Reputation: 9136
I'm receiving data as utf8
from a source and this data was originally in binary form (it was a Buffer
). I have to convert back this data to a Buffer
. I'm having a hard time figuring how to do this.
Here's a small sample that shows my problem:
var hexString = 'e61b08020304e61c09020304e61d0a020304e61e65';
var buffer1 = new Buffer(hexString, 'hex');
var str = buffer1.toString('utf8');
var buffer2 = new Buffer(str, 'utf8');
console.log('original content:', hexString);
console.log('buffer1 contains:', buffer1.toString('hex'));
console.log('buffer2 contains:', buffer2.toString('hex'));
prints
original content: e61b08020304e61c09020304e61d0a020304e61e65
buffer1 contains: e61b08020304e61c09020304e61d0a020304e61e65
buffer2 contains: efbfbd1b08020304efbfbd1c09020304efbfbd1d0a020304efbfbd1e65
Here, I would like buffer2
to be the exact same thing as buffer1
.
How can I convert an utf8
string to its original binary Buffer
?
Upvotes: 7
Views: 8608
Reputation: 3067
The accepted answer is misleading.
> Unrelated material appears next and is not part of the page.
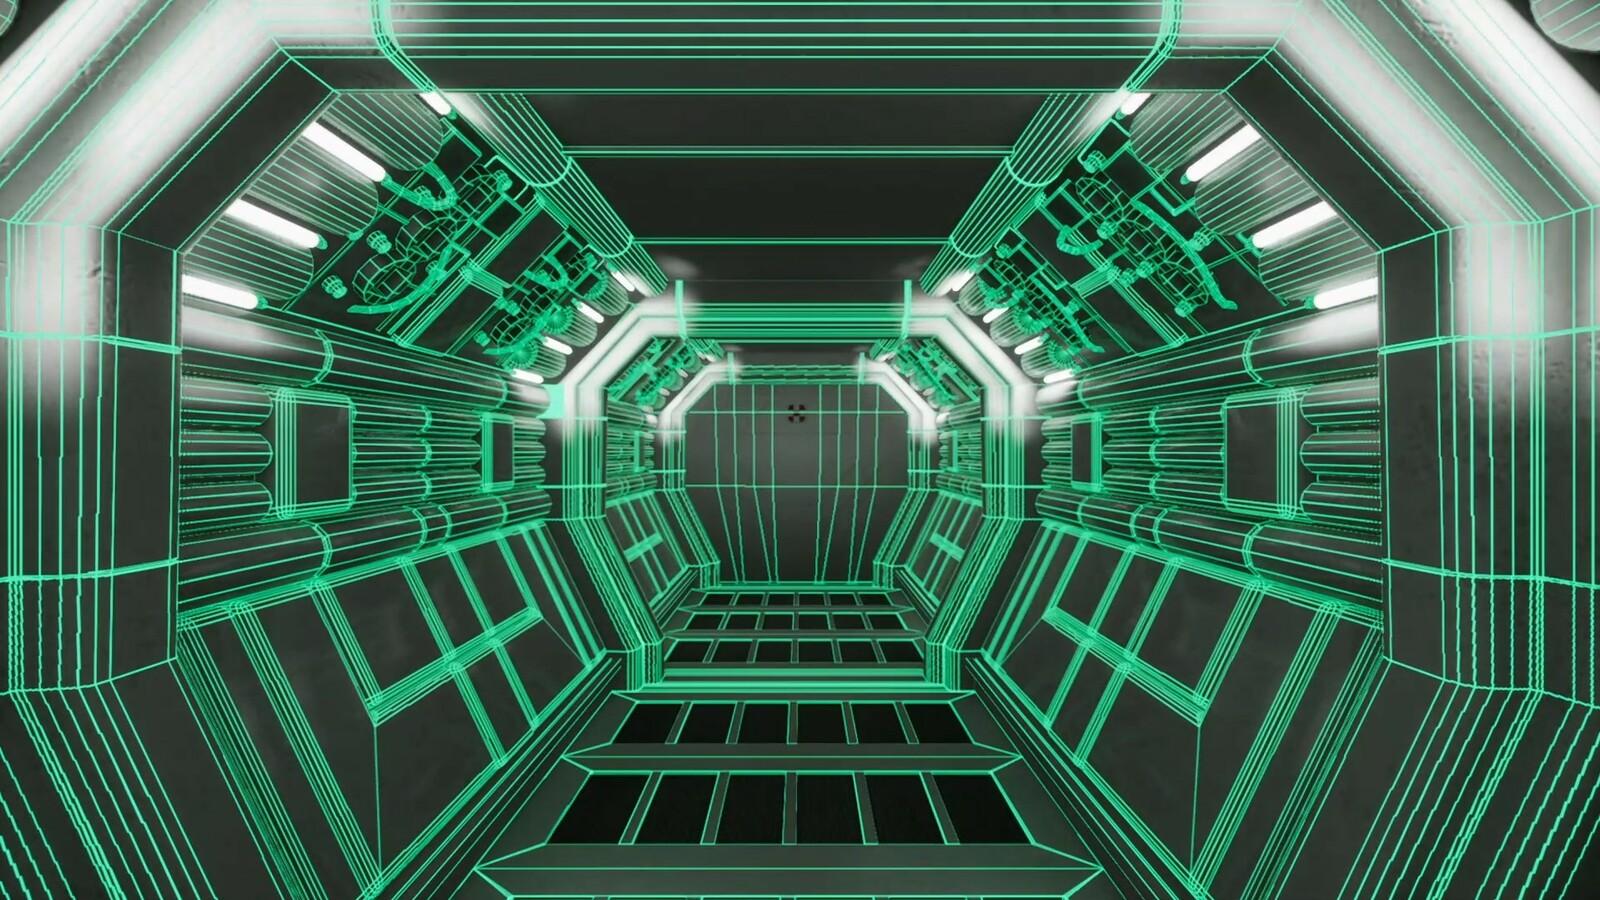 Modular Corridor - wireframe

Your main problem is that you're dealing with invalid UTF-8. If the data were valid, the conversion would not cause issues.
Specifically, take the first two bytes: e61b
.
In binary, that's: 11100110
, 00011011
. This is invalid. Take a look at this diagram from the utf-8 wikipedia page.
This says that if a byte starts with 1110
, the next byte must start with two bytes starting with 10
after it. This is not the case here.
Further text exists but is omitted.